I don’t think it matters much if you use values-based or behavioral-based interviewing. To be clear, behavioral-based interviewing focuses on a candidate’s past experiences by asking candidates to provide specific examples of how they have demonstrated certain behaviors, knowledge, skills and abilities. Values-based interviewing focuses on why and how candidates make choices, so you can gain insight into how the candidate would solve your challenges and ideally whether the candidate’s values align with your organization. Frankly, I ask both values and behavioral-based questions depending on the client, role, and criteria from the hiring manager.
Try it: Be quiet and truly listen to what the candidate is telling you about themselves.
What Questions Do You Have?
Heads up, great candidates are interviewing you too. I am a straight up sucker for well-prepared candidates that do their research. Cheesy and cliche questions that came from a candidate’s quick Google search can kill it. This is the interviewer’s opportunity to open their mind and learn something or reflect on an issue differently. For example, I’m working with a client that has an ERP implementation not going well (bad data integrity and lousy user acceptance). A candidate that asks, “Have you ever tried this bolt-on product X to scrub, test and synthesize your data?” This just might make a light bulb go off for the hiring manager.
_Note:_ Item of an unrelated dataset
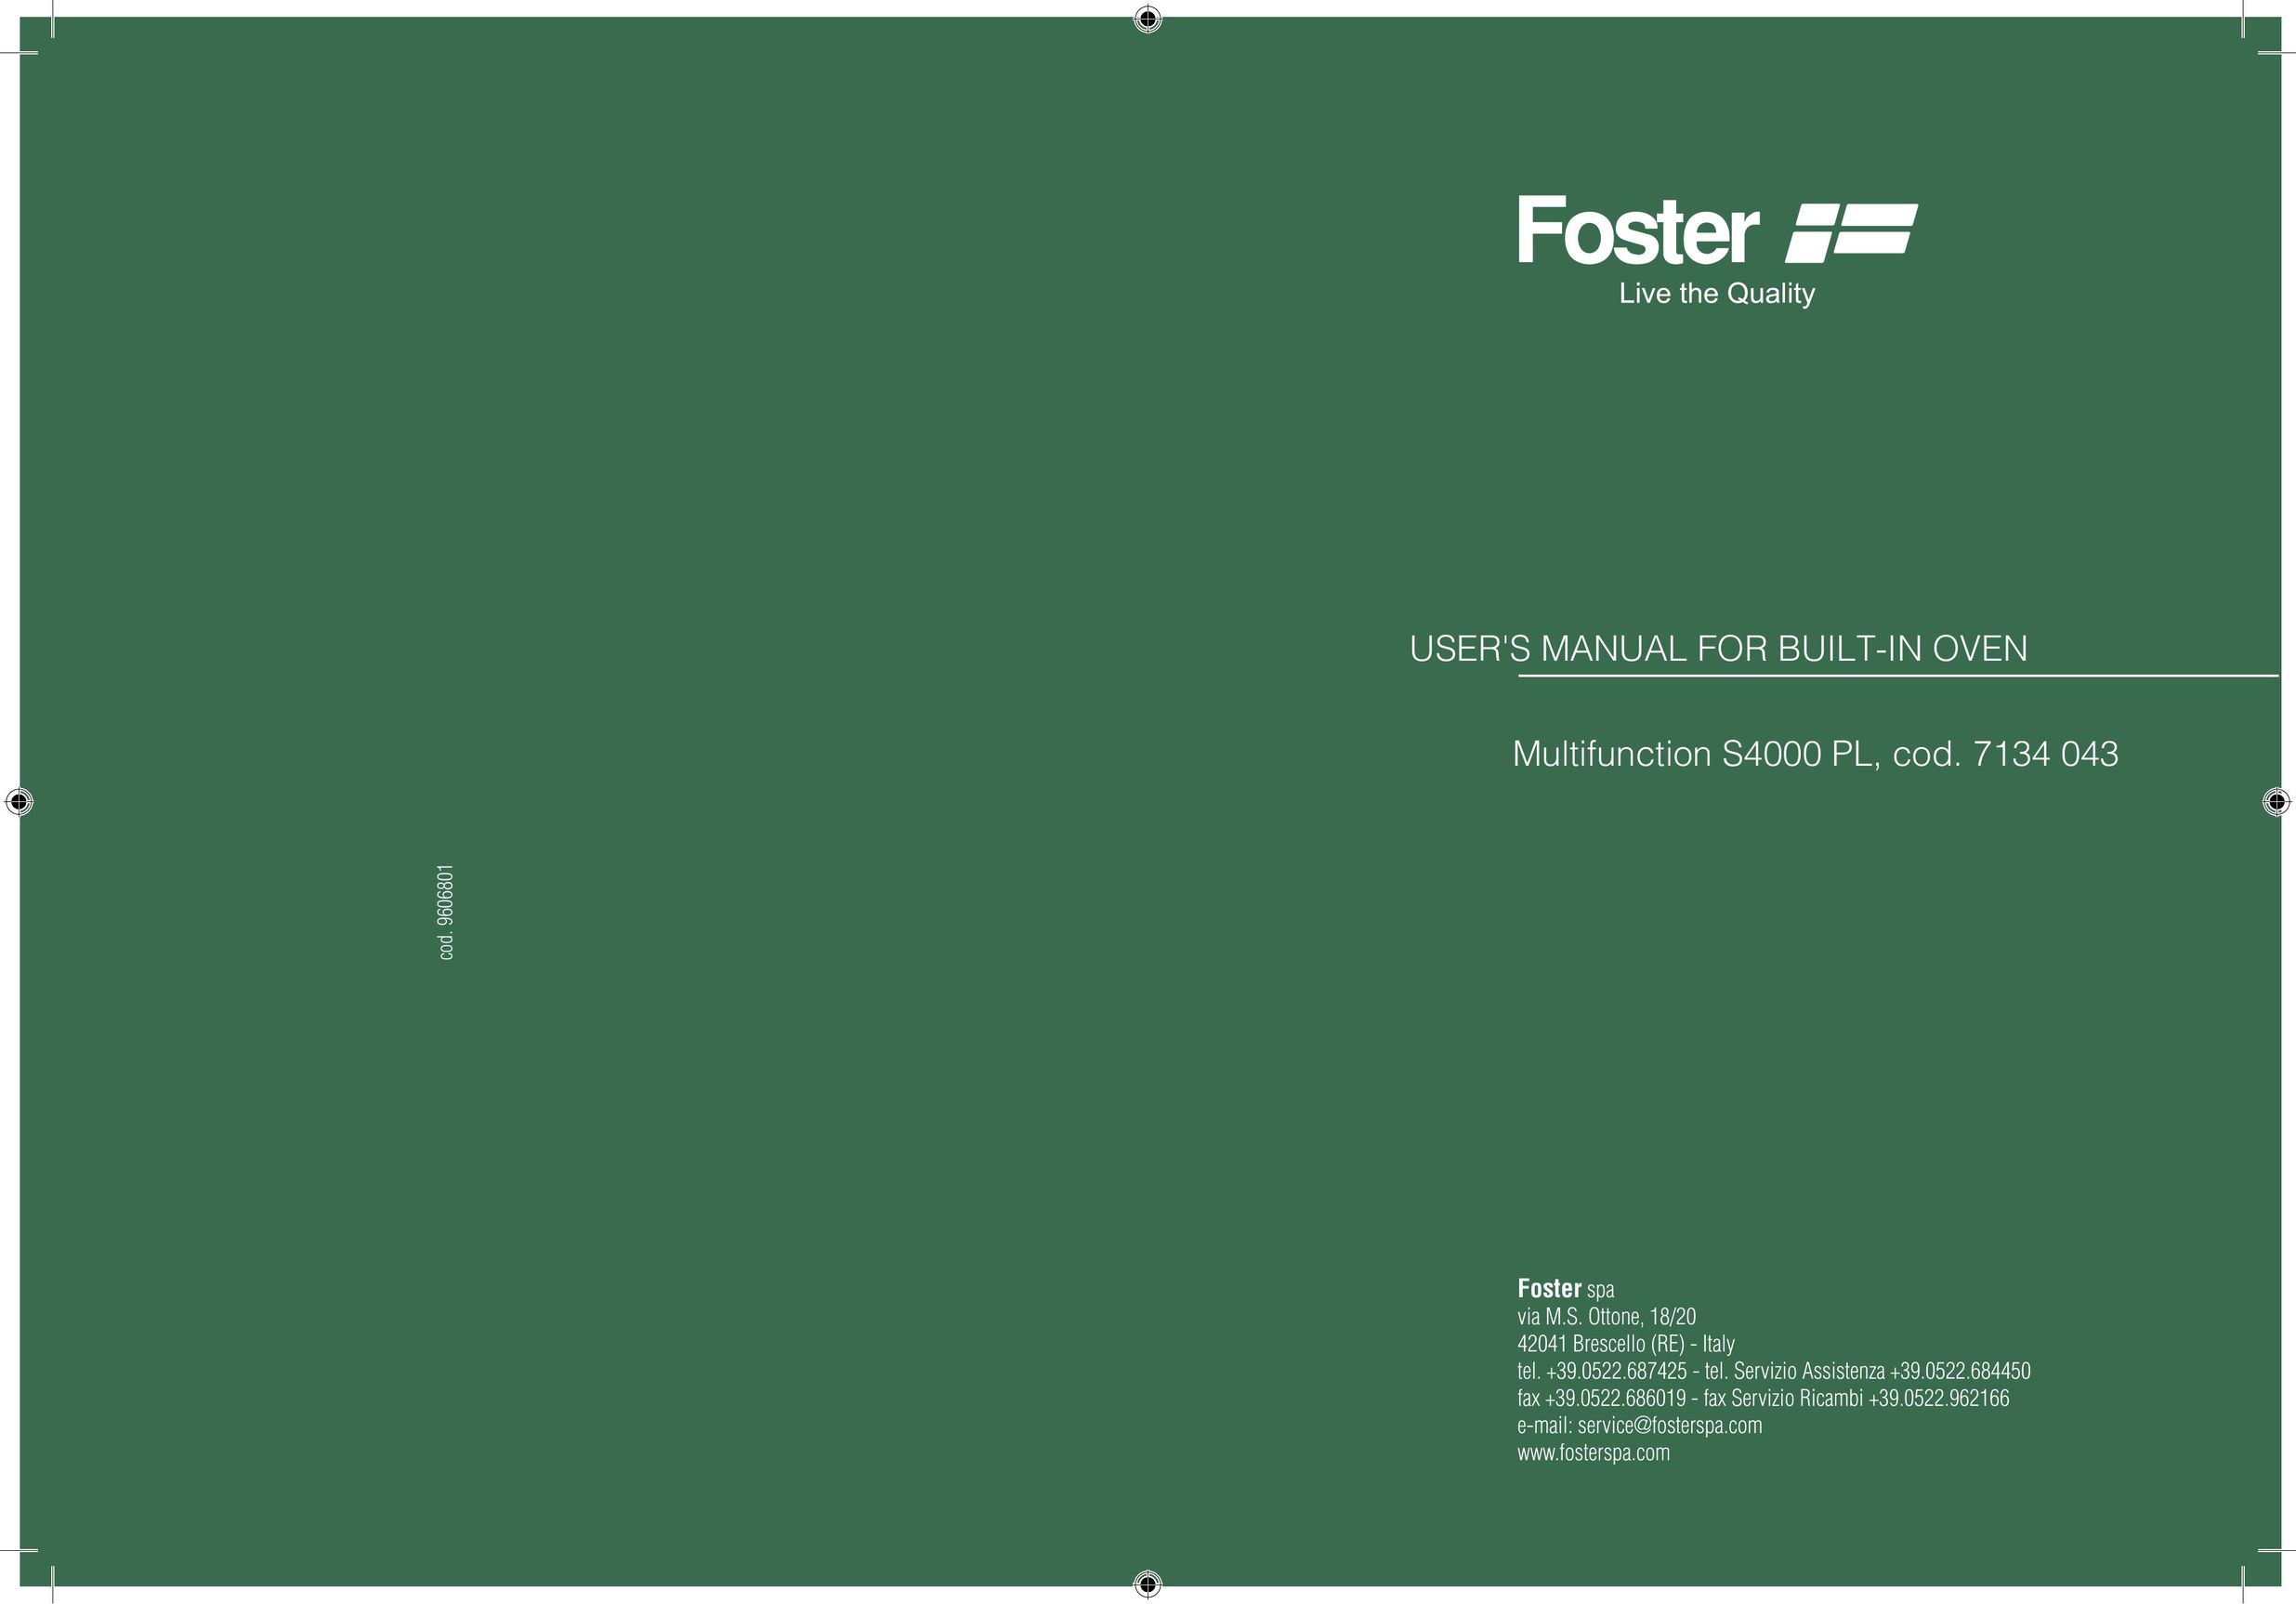 Foster S4000 PL Oven User Manual
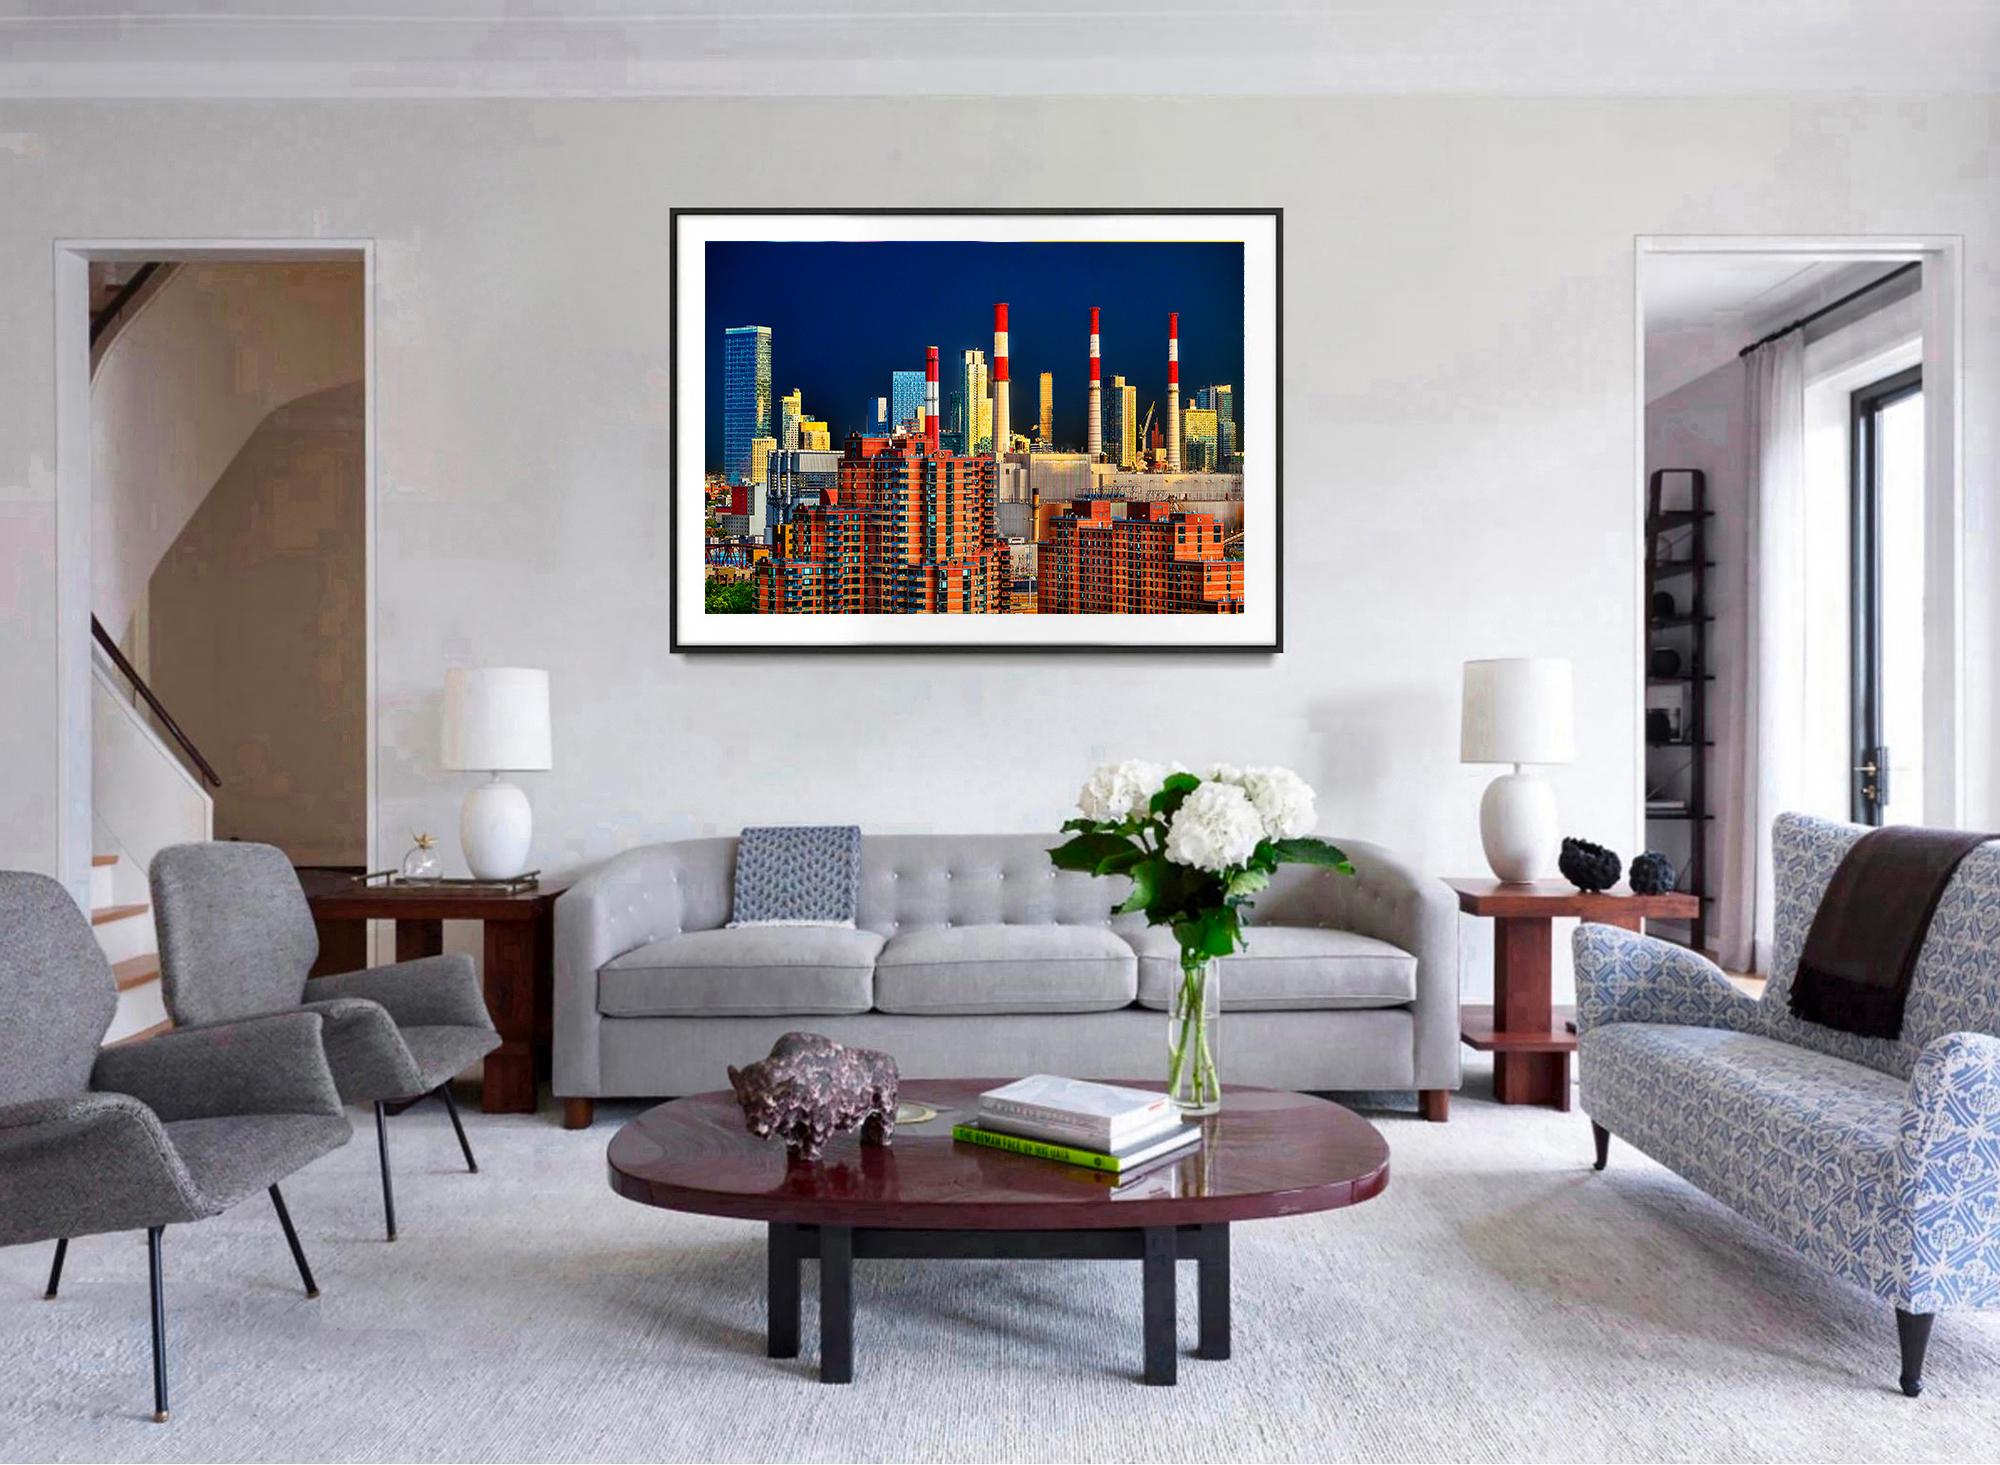 Perched high on the roof of an East Side highrise, Mitchell Funk merges the boroughs.  Funk creates a new New York City Skyline composed of buildings and smokestacks by selecting the right angle and waiting for a magically mystical light.  This is a

A true subject matter expert is probably smarter than you are, and as Apple’s founder Steve Jobs said, “we hire smart people so they can tell us what to do.”
Try it: Have high standards about how a candidate answers this question.
Fit, Visualization and Values
One overlooked outcome from Covid-19 is that so much is done remotely now with some companies doing their entire interview process remotely. Virtual work is a blessing and a curse. I have deeply missed all the coffees and lunches I used to have with candidates and employers. (Face-to-face is one of the things we did and can’t wait to do again, and that sets The Headhunters apart). There is zero substitute for playing golf or going fishing with somebody for a couple hours. Spending time with key hires is so helpful for employers to determine fit and values. I also believe if the job is not remote or expected to be remote then candidates need to see the workplace to visualize working there.
Try it: If the job won’t be remote, safely find a way to bring the candidate on-site before you decide to hire them.
Great hiring isn’t complicated, but it is intentional. Like washing and patching walls, and taping off trim, the prep work is really what makes a superior outcome when painting a room. In hiring, the prep, through an intentional hiring process like we describe above, is really what makes a superior outcome in finding the right person to join your team.